Question

A non-conducting ring of radius $R$ having uniformly distributed charge $Q$ starts rotating about $x-x'$ axis passing through diameter with an angular acceleration $\alpha $ , as shown in the figure. Another small conducting ring having radius $a$ $\left(a \ll R\right)$ is kept fixed at the centre of bigger ring is such a way that axis $xx'$ is passing through its centre and perpendicular to its plane.
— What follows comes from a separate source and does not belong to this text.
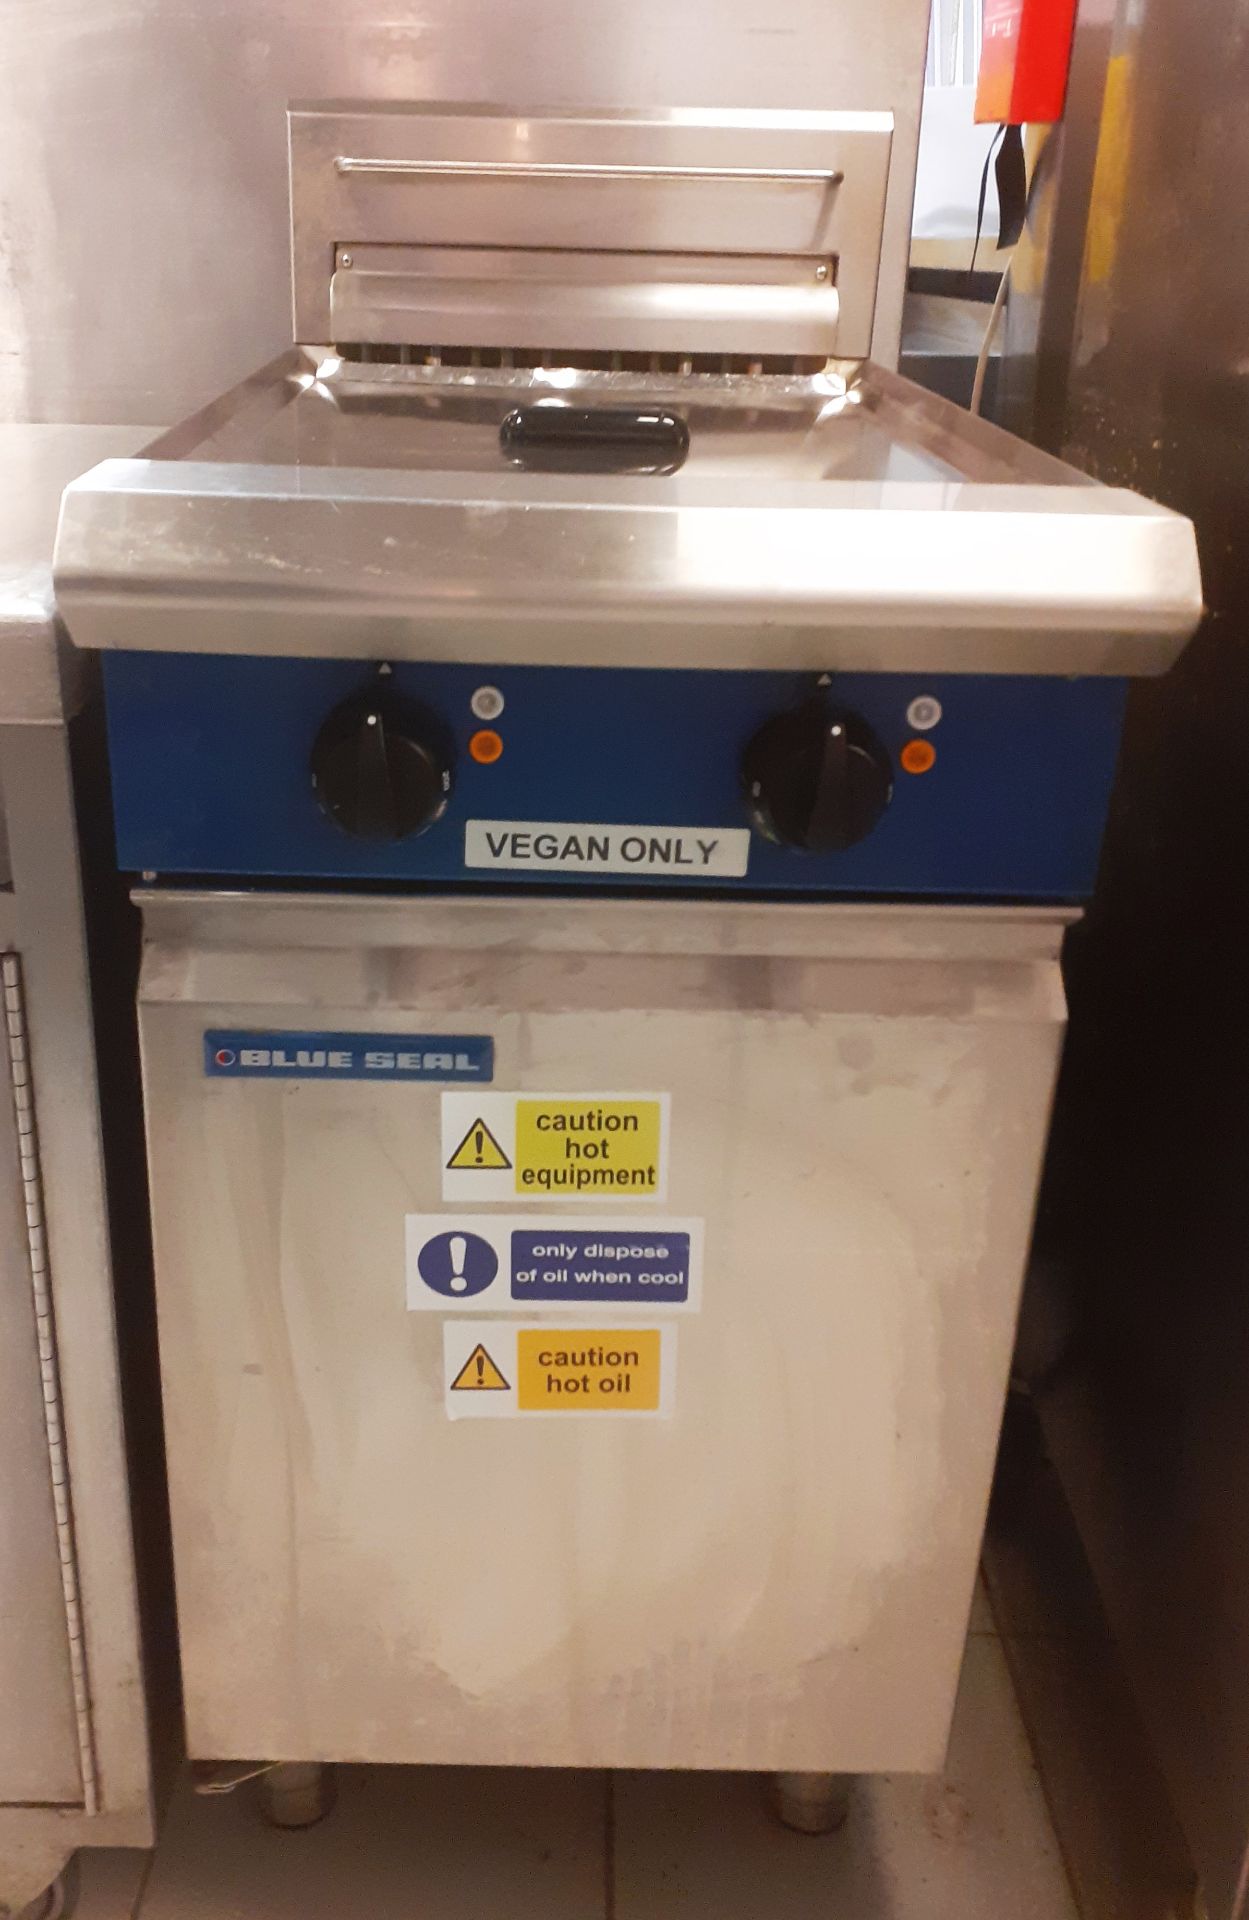 1 x Blue Seal Evolution 3 Phase Electric Twin Tank Fryer - RRP £2,200 - CL582 - Location: London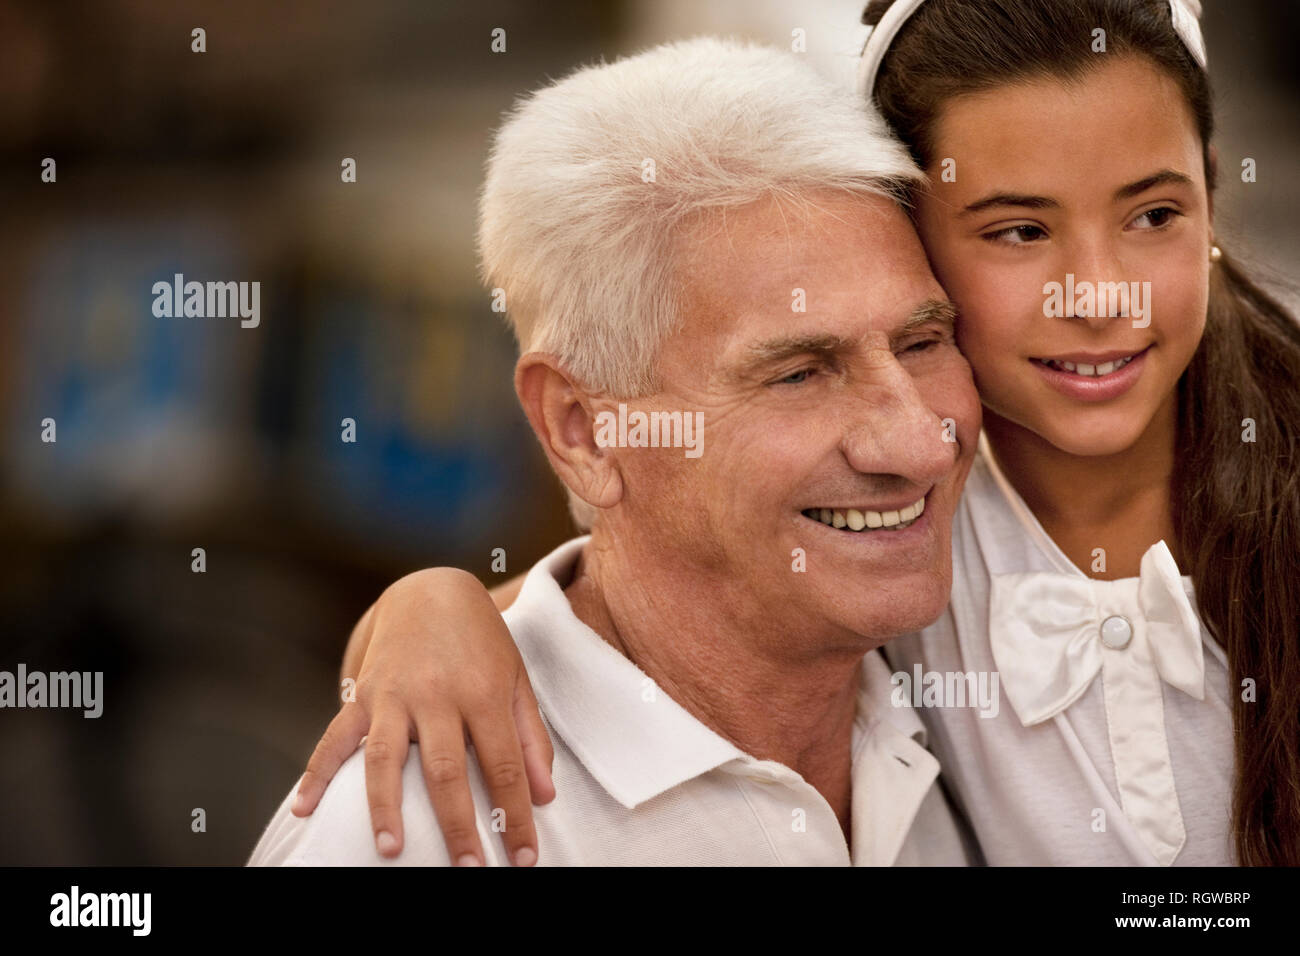 Young girl hugging her father. Stock Photo

If the resistance of small ring is $r=1 \, \Omega ,$ find the induced current in it in $ampere$ .

(Given $q=\frac{16 \times 1 0^{2}}{\mu _{0}} \, C,$ $R=1 \, m, \, a \, = \, 0.1 \, m$ , $\alpha =8 \, rad \, s^{- 2}$ )

Answer 1

$dq=\frac{q}{2 \pi R}.Rd\theta =\frac{q}{2 \pi }.d\theta $
$di=\frac{d q}{T}=\frac{q d \theta \omega }{2 \pi 2 \pi }$
$di=\frac{q \omega }{4 \pi ^{2}}.d\theta $
The magnetic field at O due to elementary ring is
$d B=\frac{\mu_{0} d i(R \sin \theta)^{2}}{2 R^{3}}$
$\displaystyle \int d B=\displaystyle \int _{0}^{\pi } \frac{\left(\mu \right)_{0} \left(sin\right)^{2} \theta }{2 R} \left(\frac{q \omega }{4 \left(\pi \right)^{2}}\right) d \theta $
$B=\frac{\mu _{0} q \omega }{16 \pi R}$
The flux of the magnetic field through the small ring
$\phi=B\pi a^{2}$
$\phi=\pi a^{2}.\frac{\mu _{0} q \omega }{16 \pi R}$
$\phi=\frac{\mu _{0} q \omega a^{2}}{16 R}$
$\left|\right.\epsilon \left|\right.=\left|\frac{d \phi}{d t}\right|$
$\left|\right.\epsilon \left|\right.=\frac{\mu _{0} q a^{2}}{16 R}\alpha $ .
$=8volt$
$i=\frac{8}{1}=8A$ .